Source data:
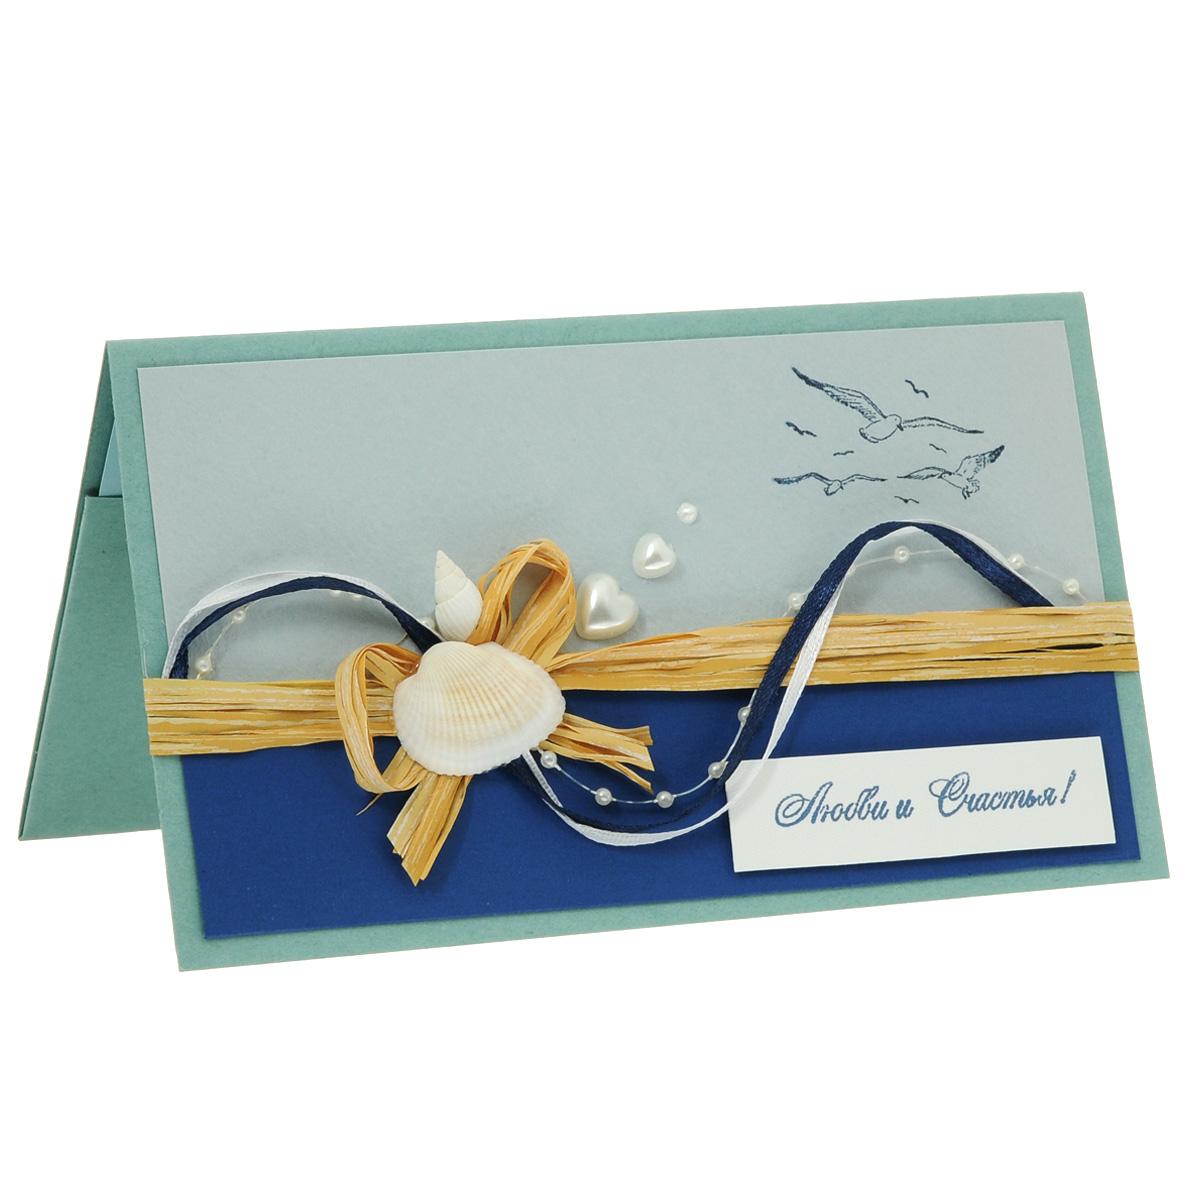 ОСВ-0002 Открытка-конверт «Любви и счастья» (морская). Студия «Тётя Роза»94976Характеристики: Размер 19 см x 11 см.Материал: Высоко-художественный картон, бумага, декор. Данная открытка может стать как прекрасным дополнением к вашему подарку, так и самостоятельным подарком. Так как открытка является и конвертом, в который вы можете вложить ваш денежный подарок или просто написать ваши пожелания на вкладыше.Пожелания в морском стиле настроят на приятные воспоминания о летнем отдыхе и романтических вечерах. Конверт выполнен в бирюзово-синей морской гамме. В декоре использованы натуральные материалы: раффия, мелкие жемчужины и ракушки. Также открытка упакована в пакетик для сохранности.Обращаем Ваше внимание на то, что открытка может незначительно отличаться от представленной на фото.Открытки ручной работы от студии Тётя Роза отличаются своим неповторимым и ярким стилем. Каждая уникальна и выполнена вручную мастерами студии. (Открытка для мужчин, открытка для женщины, открытка на день рождения, открытка с днем свадьбы, открытка винтаж, открытка с юбилеем, открытка на все случаи, скрапбукинг)
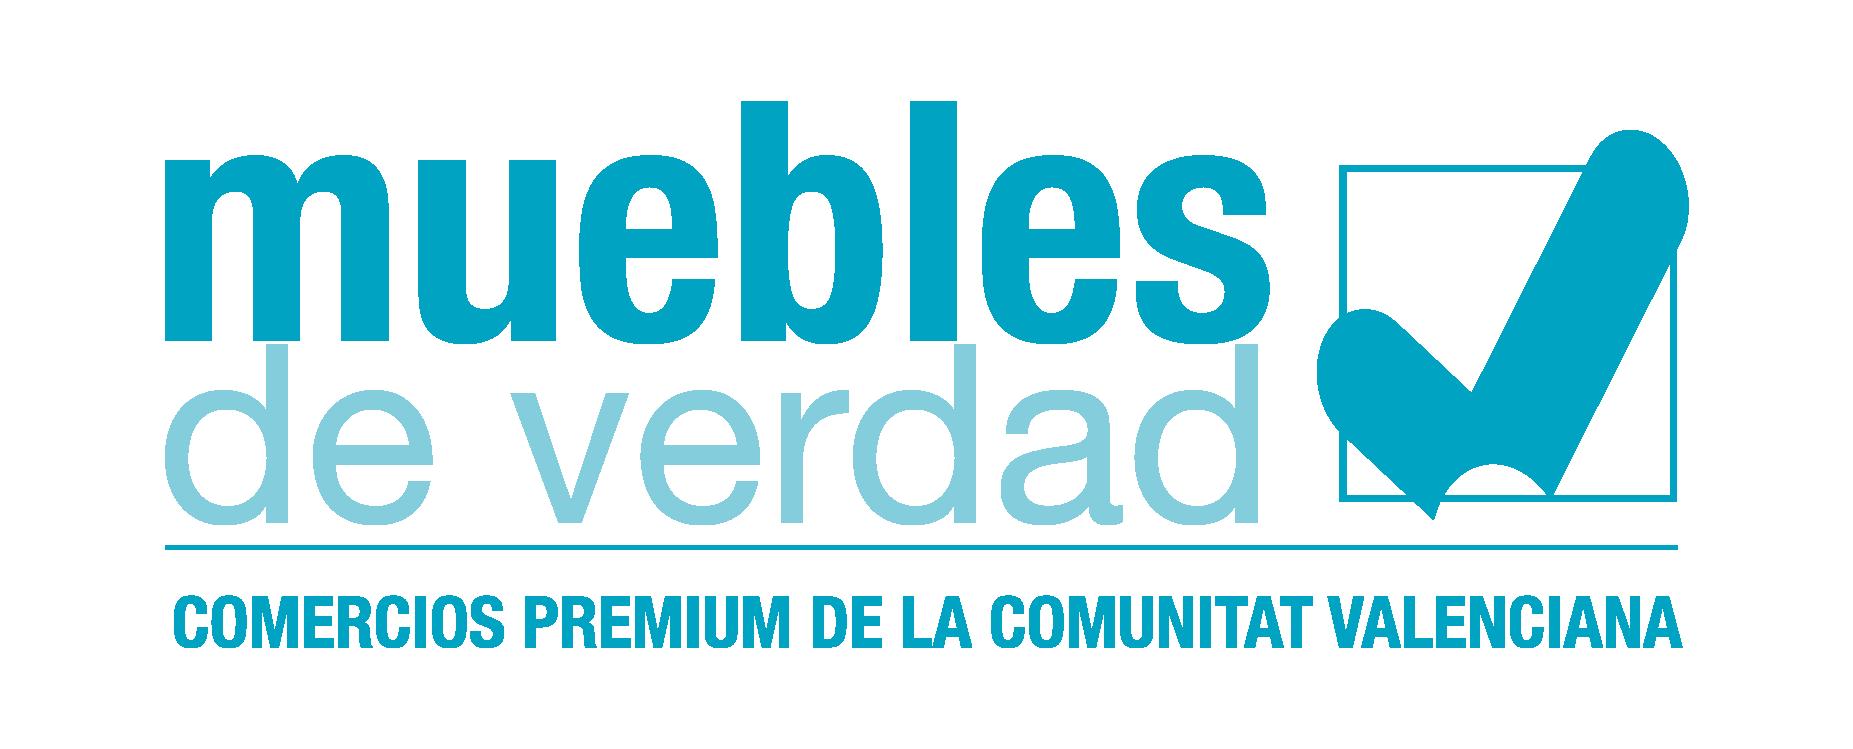 MUEBLES DE VERDAD-01
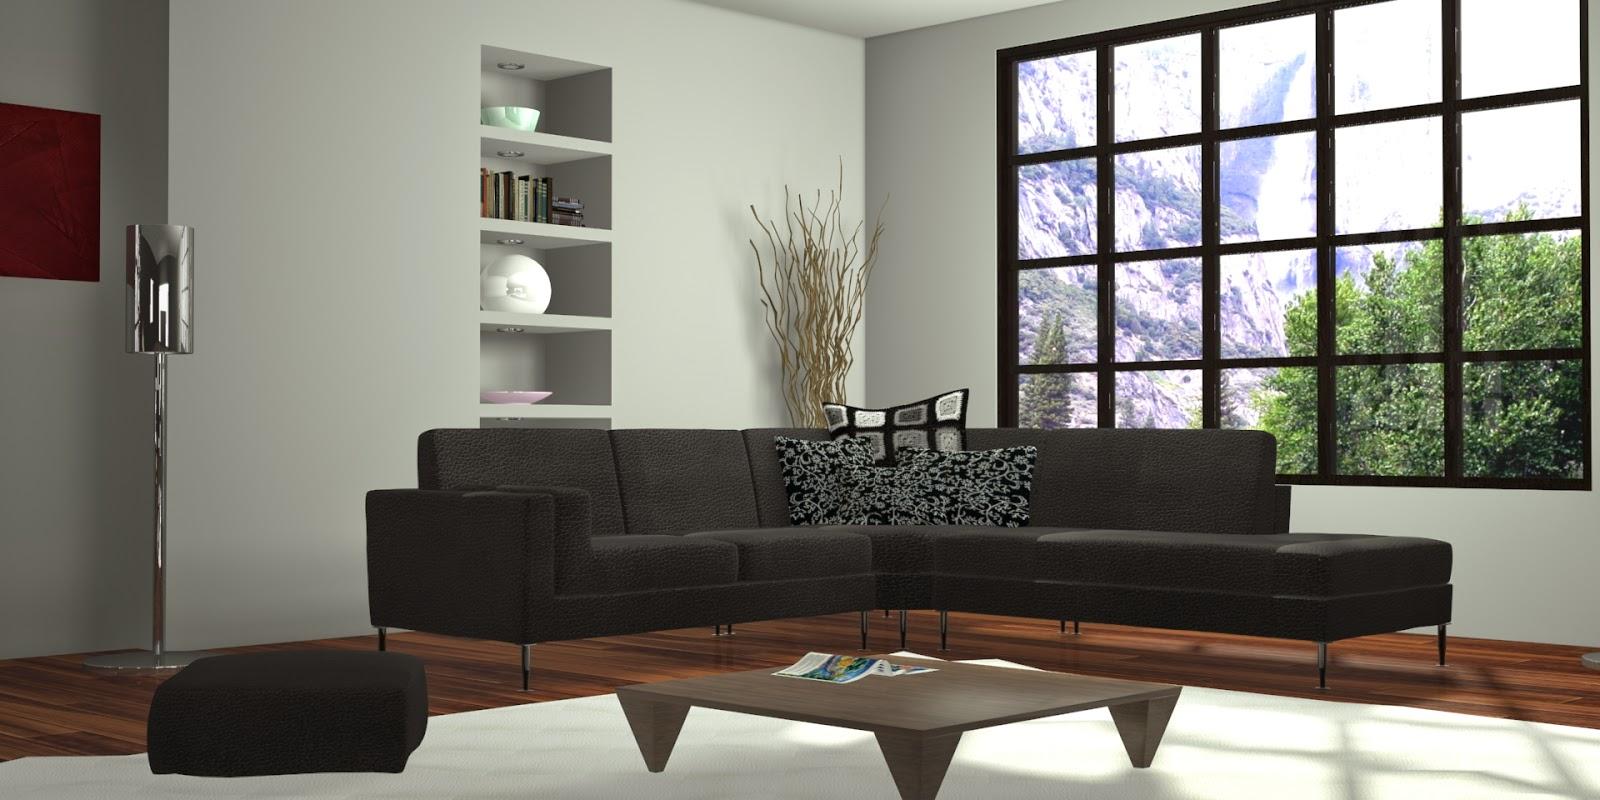 Interior lighting using standard lights dfx ology for Interior lighting design standards

What the task requires: Down to the last line, reproduce the material above exactly; skip its images.

Solution to the problem:
 ОСВ-0002 Открытка-конверт «Любви и счастья» (морская). Студия «Тётя Роза»94976Характеристики: Размер 19 см x 11 см.Материал: Высоко-художественный картон, бумага, декор. Данная открытка может стать как прекрасным дополнением к вашему подарку, так и самостоятельным подарком. Так как открытка является и конвертом, в который вы можете вложить ваш денежный подарок или просто написать ваши пожелания на вкладыше.Пожелания в морском стиле настроят на приятные воспоминания о летнем отдыхе и романтических вечерах. Конверт выполнен в бирюзово-синей морской гамме. В декоре использованы натуральные материалы: раффия, мелкие жемчужины и ракушки. Также открытка упакована в пакетик для сохранности.Обращаем Ваше внимание на то, что открытка может незначительно отличаться от представленной на фото.Открытки ручной работы от студии Тётя Роза отличаются своим неповторимым и ярким стилем. Каждая уникальна и выполнена вручную мастерами студии. (Открытка для мужчин, открытка для женщины, открытка на день рождения, открытка с днем свадьбы, открытка винтаж, открытка с юбилеем, открытка на все случаи, скрапбукинг)
 MUEBLES DE VERDAD-01
 Interior lighting using standard lights dfx ology for Interior lighting design standards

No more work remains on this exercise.